IEEE Trans Pattern Anal Mach Intell. 2022 Apr;44(4):2188-2197. doi: 10.1109/TPAMI.2020.3033291. Epub 2022 Mar 4.
Adversarial attacks on deep neural networks (DNNs) have been found for several years. However, the existing adversarial attacks have high success rates only when the information of the victim DNN is well-known or could be estimated by the structure similarity or massive queries. In this paper, we propose to Attack on Attention (AoA), a semantic property commonly shared by DNNs. AoA enjoys a significant increase in transferability when the traditional cross entropy loss is replaced with the attention loss. Since AoA alters the loss function only, it could be easily combined with other transferability-enhancement techniques and then achieve SOTA performance. We apply AoA to generate 50000 adversarial samples from ImageNet validation set to defeat many neural networks, and thus name the dataset as DAmageNet. 13 well-trained DNNs are tested on DAmageNet, and all of them have an error rate over 85 percent. Even with defenses or adversarial training, most models still maintain an error rate over 70 percent on DAmageNet. DAmageNet is the first universal adversarial dataset. It could be downloaded freely and serve as a benchmark for robustness testing and adversarial training.

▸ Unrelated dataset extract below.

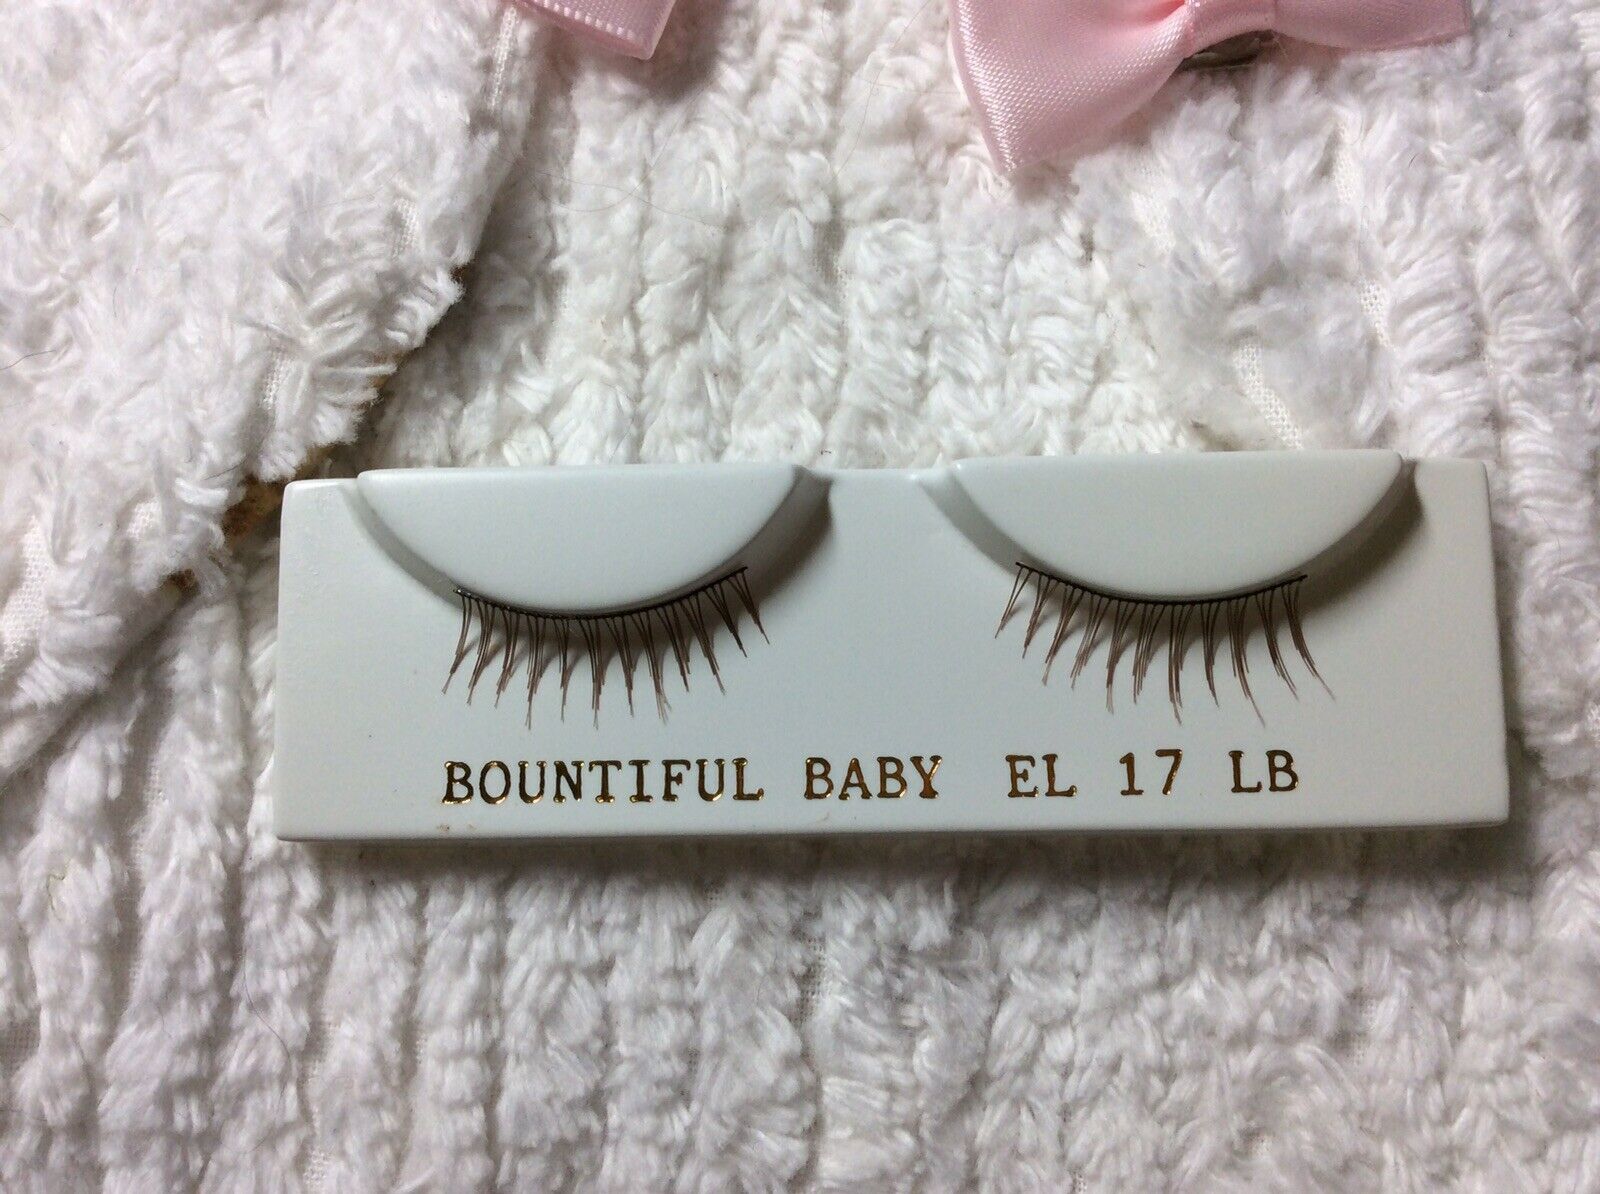 El 17 Light Brown Baby Eyelashes ~ Reborn Doll Supplies

对抗攻击已经存在多年了。然而,现有的对抗攻击只有在受害者 DNN 的信息被很好地了解或者可以通过结构相似性或大量查询来估计时,才具有很高的成功率。在本文中,我们提出了攻击注意力(AoA),这是 DNN 普遍具有的一种语义属性。当传统的交叉熵损失被注意力损失取代时,AoA 的可转移性显著提高。由于 AoA 只改变损失函数,因此可以很容易地与其他提高可转移性的技术结合,从而达到 SOTA 性能。我们应用 AoA 从 ImageNet 验证集生成 50000 个对抗样本来击败许多神经网络,因此将该数据集命名为 DAmageNet。我们在 DAmageNet 上测试了 13 个训练有素的 DNN,它们的错误率都超过了 85%。即使有防御措施或对抗训练,大多数模型在 DAmageNet 上的错误率仍然保持在 70%以上。DAmageNet 是第一个通用的对抗性数据集。它可以免费下载,并作为鲁棒性测试和对抗性训练的基准。